The plan is to get 4 chickens next year. Apparently, from what I've
read 4 is a good number to keep us in eggs without there being a glut
or shortage for much of the year. I've still got to make the chicken
coop for them yet - that's the bit I'm looking forward to - a bit of
fancy carpentry! We've delayed getting chickens because the French
govt. can't make up its mind what to do about bird flu. Earlier this
year all birds had to be kept indoors, then eventually they were
allowed to free-range again since the danger of infection from
migrating birds had passed.
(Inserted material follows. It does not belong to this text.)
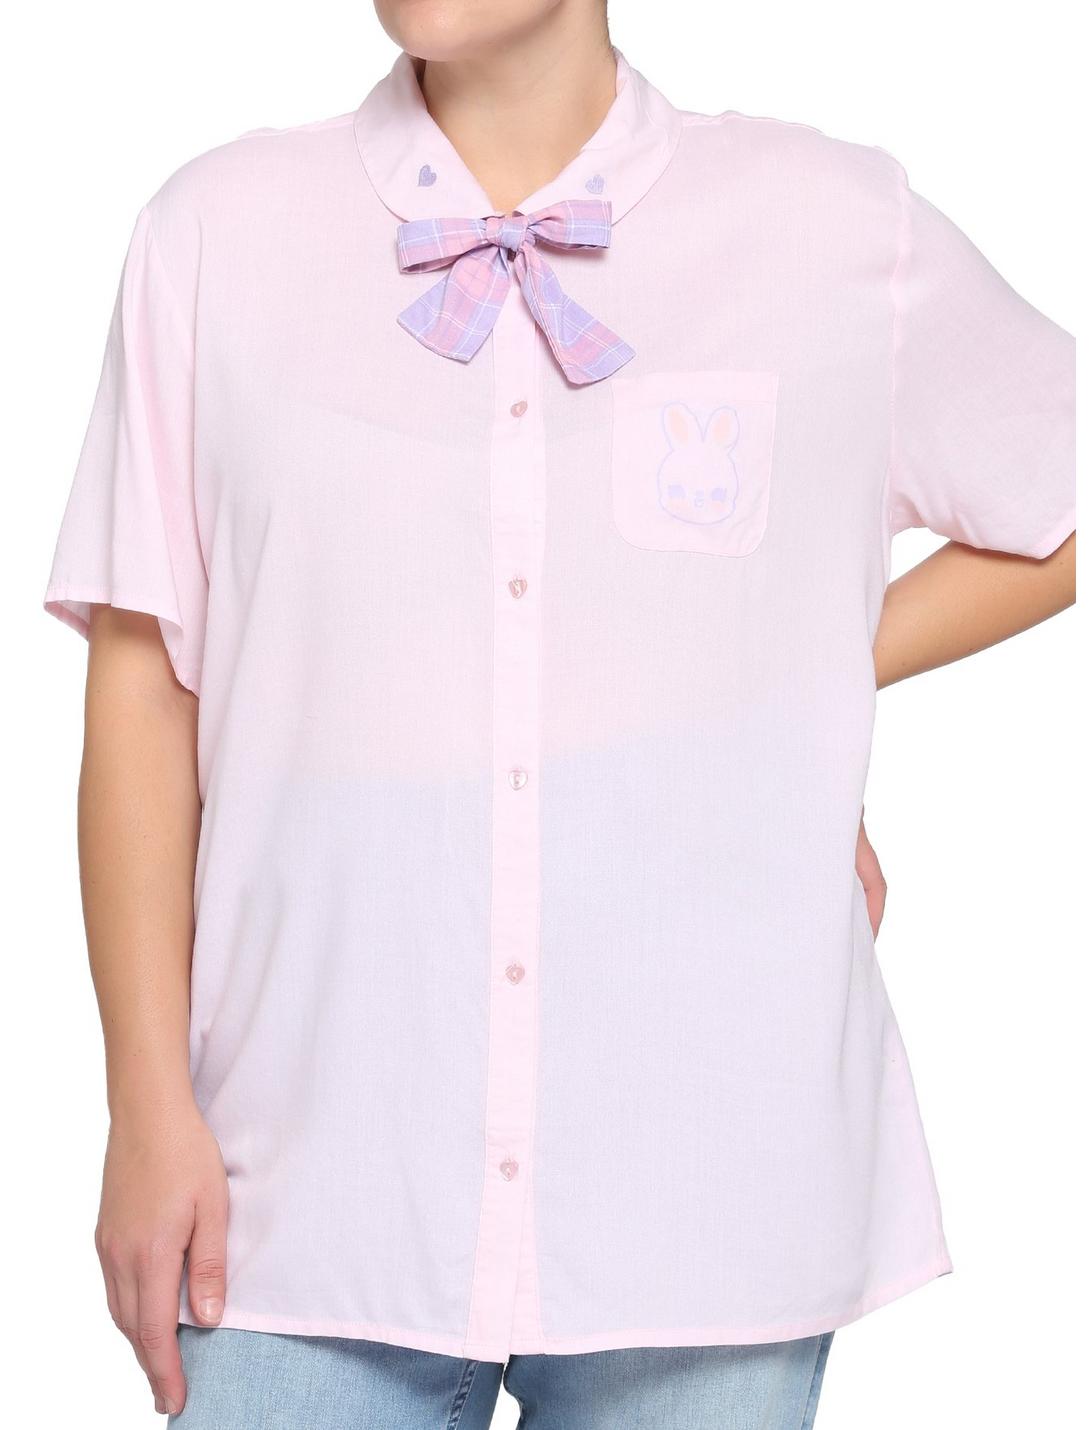 Kawaii Pastel Bunny Bow Girls Woven Button-Up Plus Size, MULTI, hi-res

Unfortunately this ambiguity means they
may need to be kept indoors again when bird migrations begin again
this Autumn. I just wish they would opt for vaccinating all poultry,
then everyone can just get on with keeping poultry outside again.
Fairly pointless keeping your own chickens just to leave them indoors
and fed on grain all the time - especially when there are lots of
insects and weeds they can be eating outside.


I had some eggs given to me last week, light blue like duck eggs but they
were definitely chicken eggs. I couldn't see the point, they were light
yolked like normal ones, nothing special. I prefer organic columbian
blacktail free range ones, which have a rich yolk and are well worth the
difference. IINVMM the light blue eggs cost the bloke something like £2 for
half a dozen, which seems rude.

Is it something in the feed that gives the yolk the character?